I want to group my model objects by three fields, and delete all objects but the youngest for each group.
My model:
class DataFile(models.Model):
filename = models.CharField(unique=True, max_length=256)
timestamp = models.DateTimeField()
tile_label = models.CharField(max_length=256, blank=True)
region = models.CharField(max_length=256, blank=True)
resolution = models.CharField(max_length=256, blank=True)
This query gives me the list of the values I want to keep:
DataFile.objects.values('resolution', 'region', 'tile_label').annotate(maxfield=Max('timestamp'))
The result of this is
{'resolution': '30', 'region': 'SRC', 'tile_label': '10r_20d', 'maxfield': datetime.datetime(2021, 9, 11, 7, 13, tzinfo=<UTC>)}
{'resolution': '30', 'region': 'NRC', 'tile_label': '10r_20d', 'maxfield': datetime.datetime(2021, 8, 16, 2, 8, tzinfo=<UTC>)}
{'resolution': '30', 'region': 'NRC', 'tile_label': '100r_200d', 'maxfield': datetime.datetime(2021, 11, 15, 23, 5, tzinfo=<UTC>)}
{'resolution': '300', 'region': 'SRC', 'tile_label': '10r_20d', 'maxfield': datetime.datetime(2021, 11, 1, 13, 46, tzinfo=<UTC>)}
{'resolution': '300', 'region': 'NRC', 'tile_label': '10r_20d', 'maxfield': datetime.datetime(2021, 11, 5, 12, 20, tzinfo=<UTC>)}
{'resolution': '300', 'region': 'NRC', 'tile_label': '100r_200d', 'maxfield': datetime.datetime(2021, 11, 18, 5, 54, tzinfo=<UTC>)}
{'resolution': '30', 'region': 'SRC', 'tile_label': '100r_200d', 'maxfield': datetime.datetime(2021, 11, 5, 21, 8, tzinfo=<UTC>)}
{'resolution': '300', 'region': 'SRC', 'tile_label': '100r_200d', 'maxfield': datetime.datetime(2021, 11, 18, 8, 29, tzinfo=<UTC>)}
I now need to filter all DataFile
objects except the one with the highest date in each group of resolution
, region
, tile_label
, and then delete them (i.e. keep the one with the highest date).

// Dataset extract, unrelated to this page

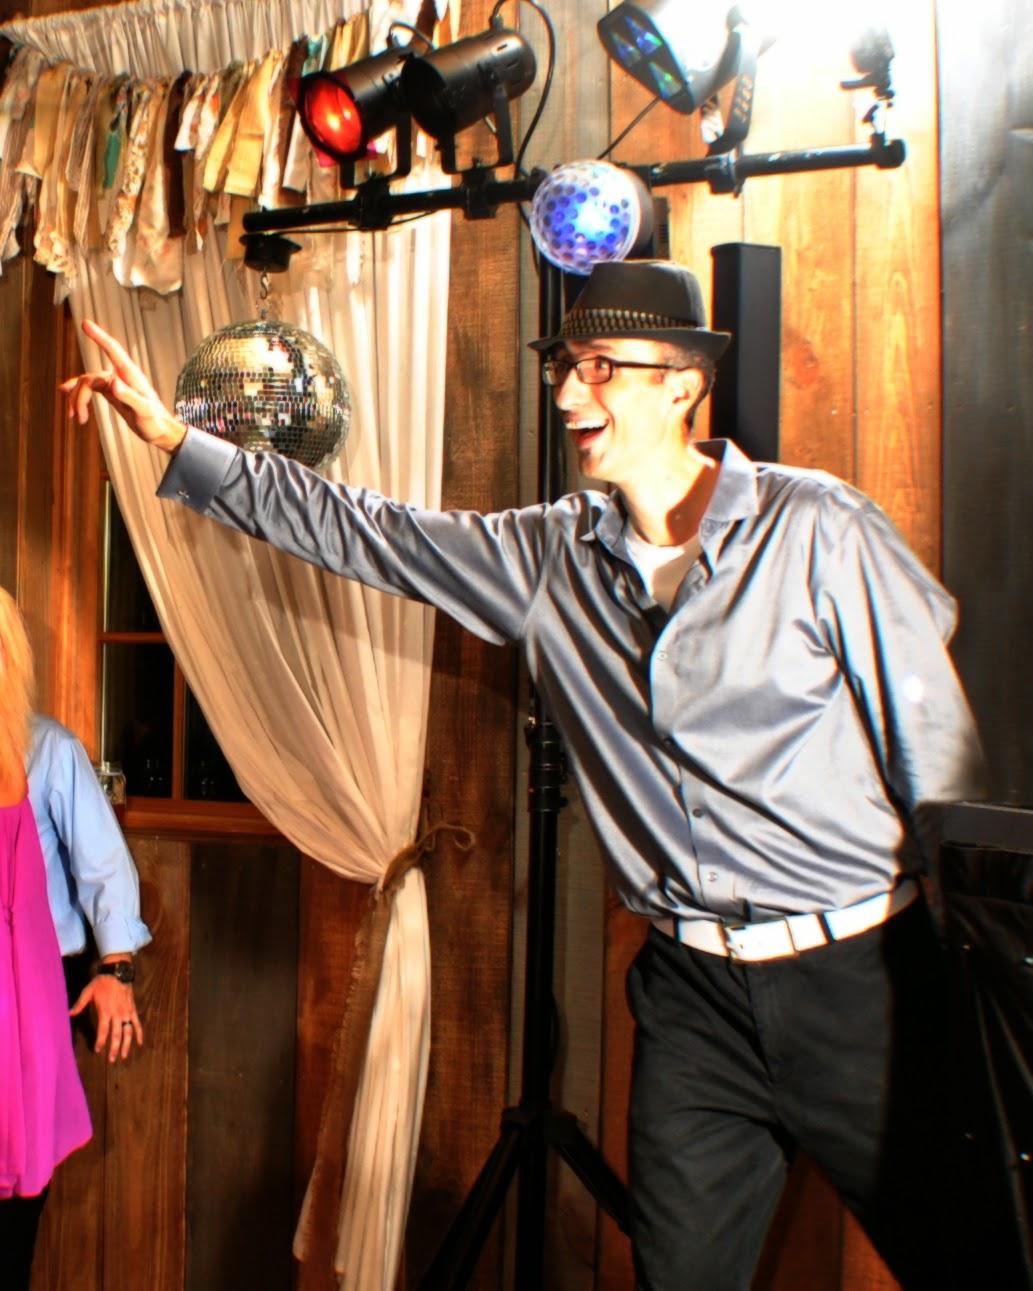 With Class LLC Wedding Coordination Party DJ - The Barn at High Point Farms - Flintstone, GA - DJ Mark

How do I do this? I need to do a GROUP BY with values()
in order to get the maximum of each group, but this means that I'm not operating on the whole queryset any more.

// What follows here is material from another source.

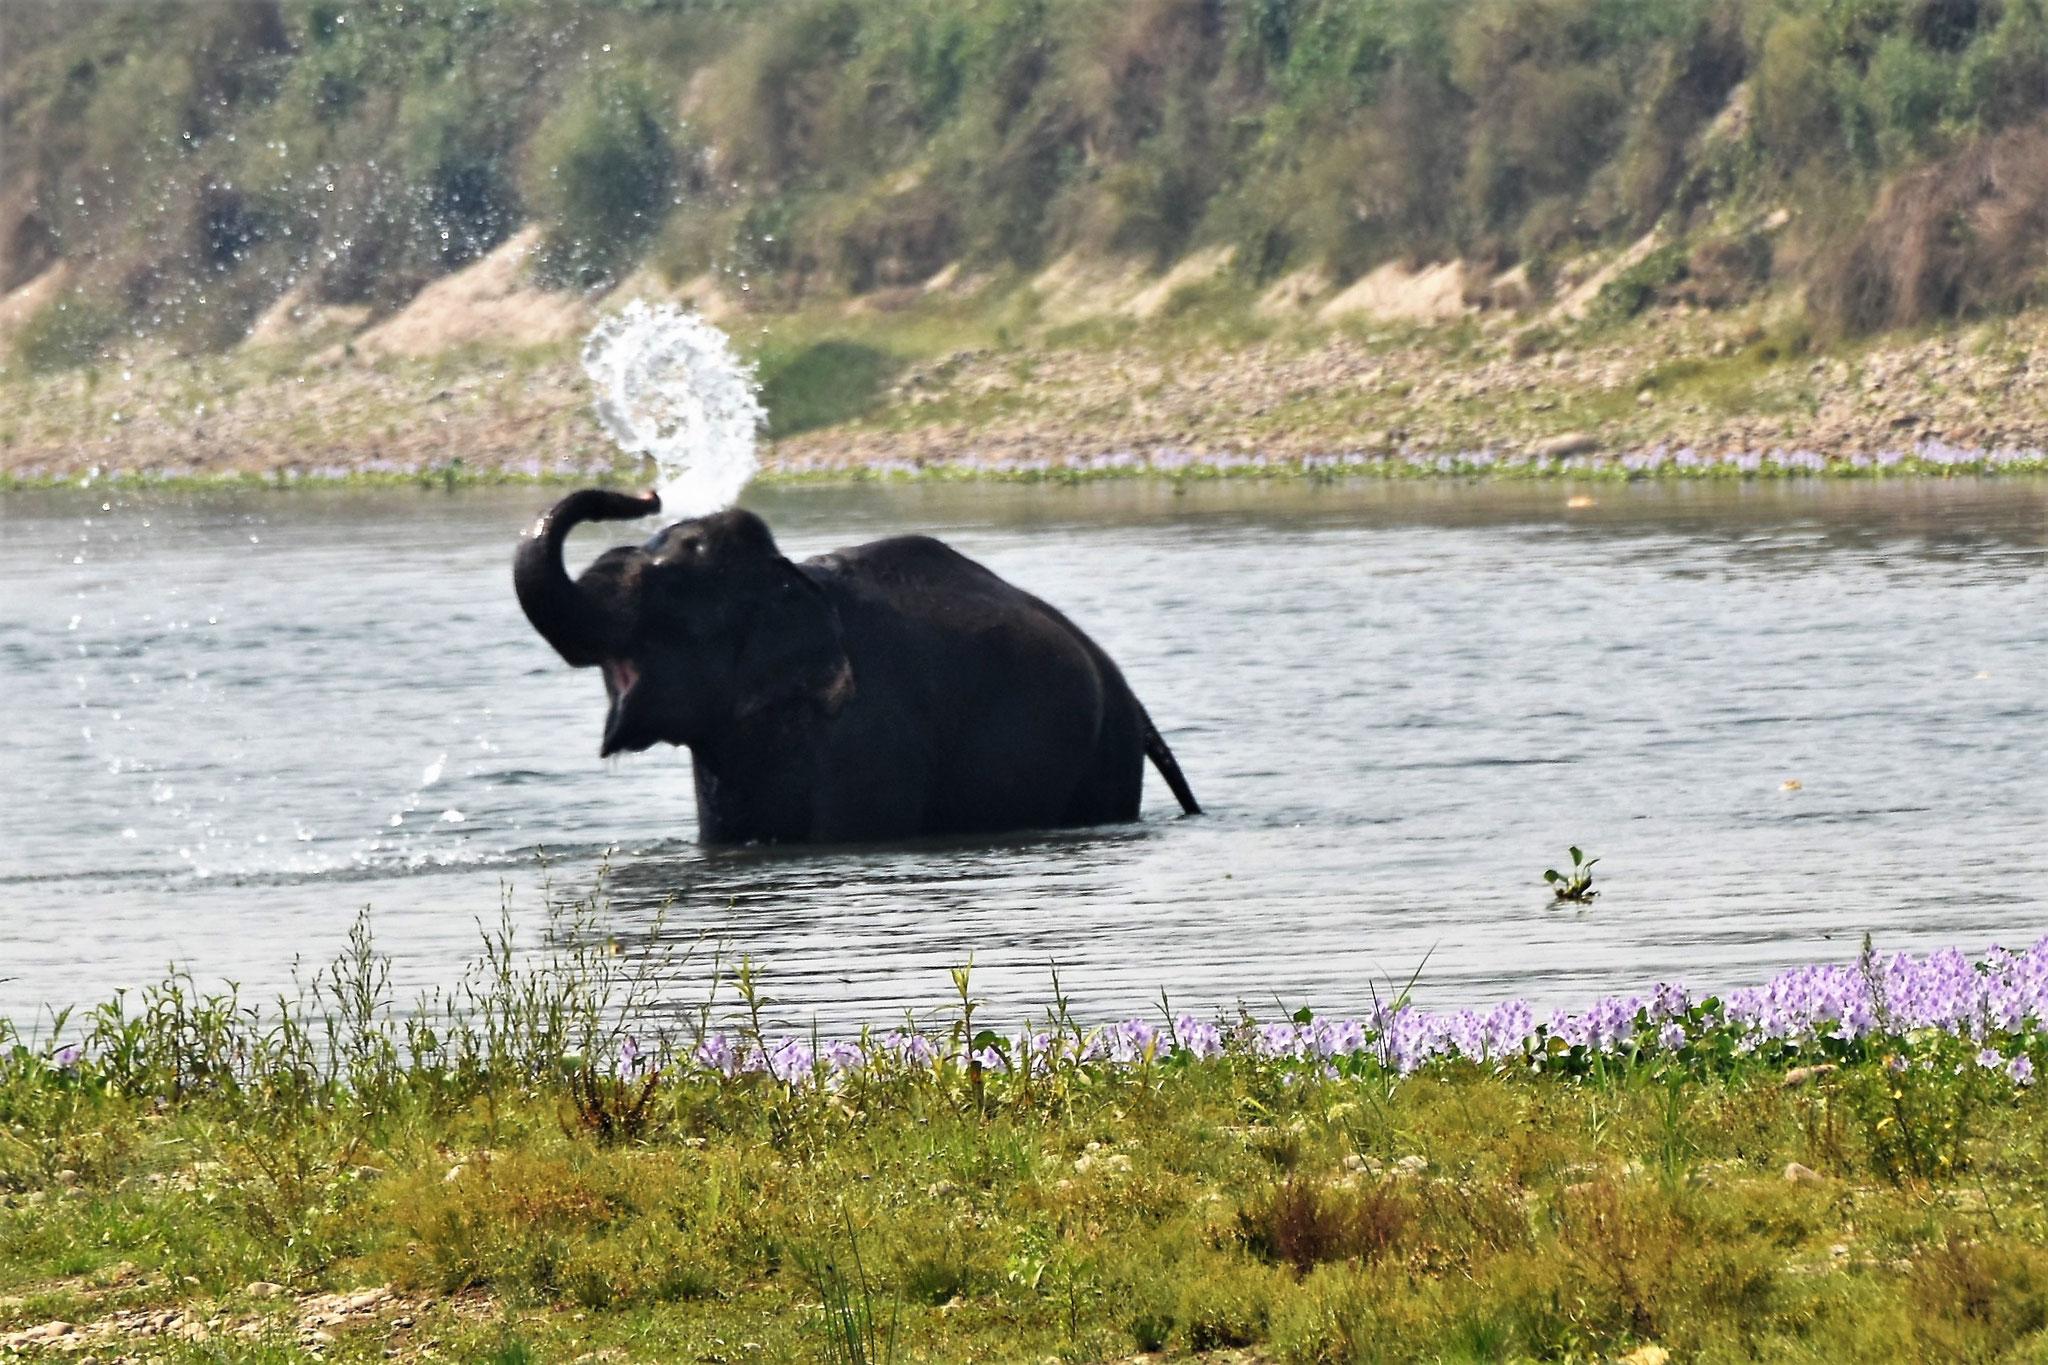 Elefantenbaden im Fluss

I think there's a solution involving subqueries, but I never really got my head around how they work.
I need a database solution, so looping is not an option. I'd also prefer to avoid __in
queries for performance reasons (but would ultimately do it if there's no other solution).
This query gives me the list of the values I want to keep:
DataFile.objects.values('resolution', 'region', 'tile_label').annotate(maxfield=Max('timestamp'))
This query gives you the maximum timestamp, but it doesn't tell you which row it belongs to. You could get that in a second query, but that seems complicated to me.
I tried to think about which property a DataFile would need to have to qualify for deletion. The answer I found was that there must be a newer DataFile with the same resolution
/region
/tile_label
. When I translate that to Django I get something like this:
newer = DataFile.objects.filter(
resolution=OuterRef('resolution'),
region=OuterRef('region'),
tile_label=OuterRef('tile_label'),
timestamp__gt=OuterRef('timestamp'),
)
DataFile.objects.filter(Exists(newer)).delete()
The Exists
creates a Subquery and OuterRef
can be used to reference fields from the outer query.
In SQL this would look someting like this (not tested):
DELETE from datafiles WHERE EXISTS (
SELECT id from datafiles as datafiles2 WHERE (
datafiles2.resolution = datafiles.resolution
AND datafiles2.region = datafiles.region
AND datafiles2.tile_label = datafiles.tile_label
AND datafiles2.timestamp >= datafiles.timestamp
)
)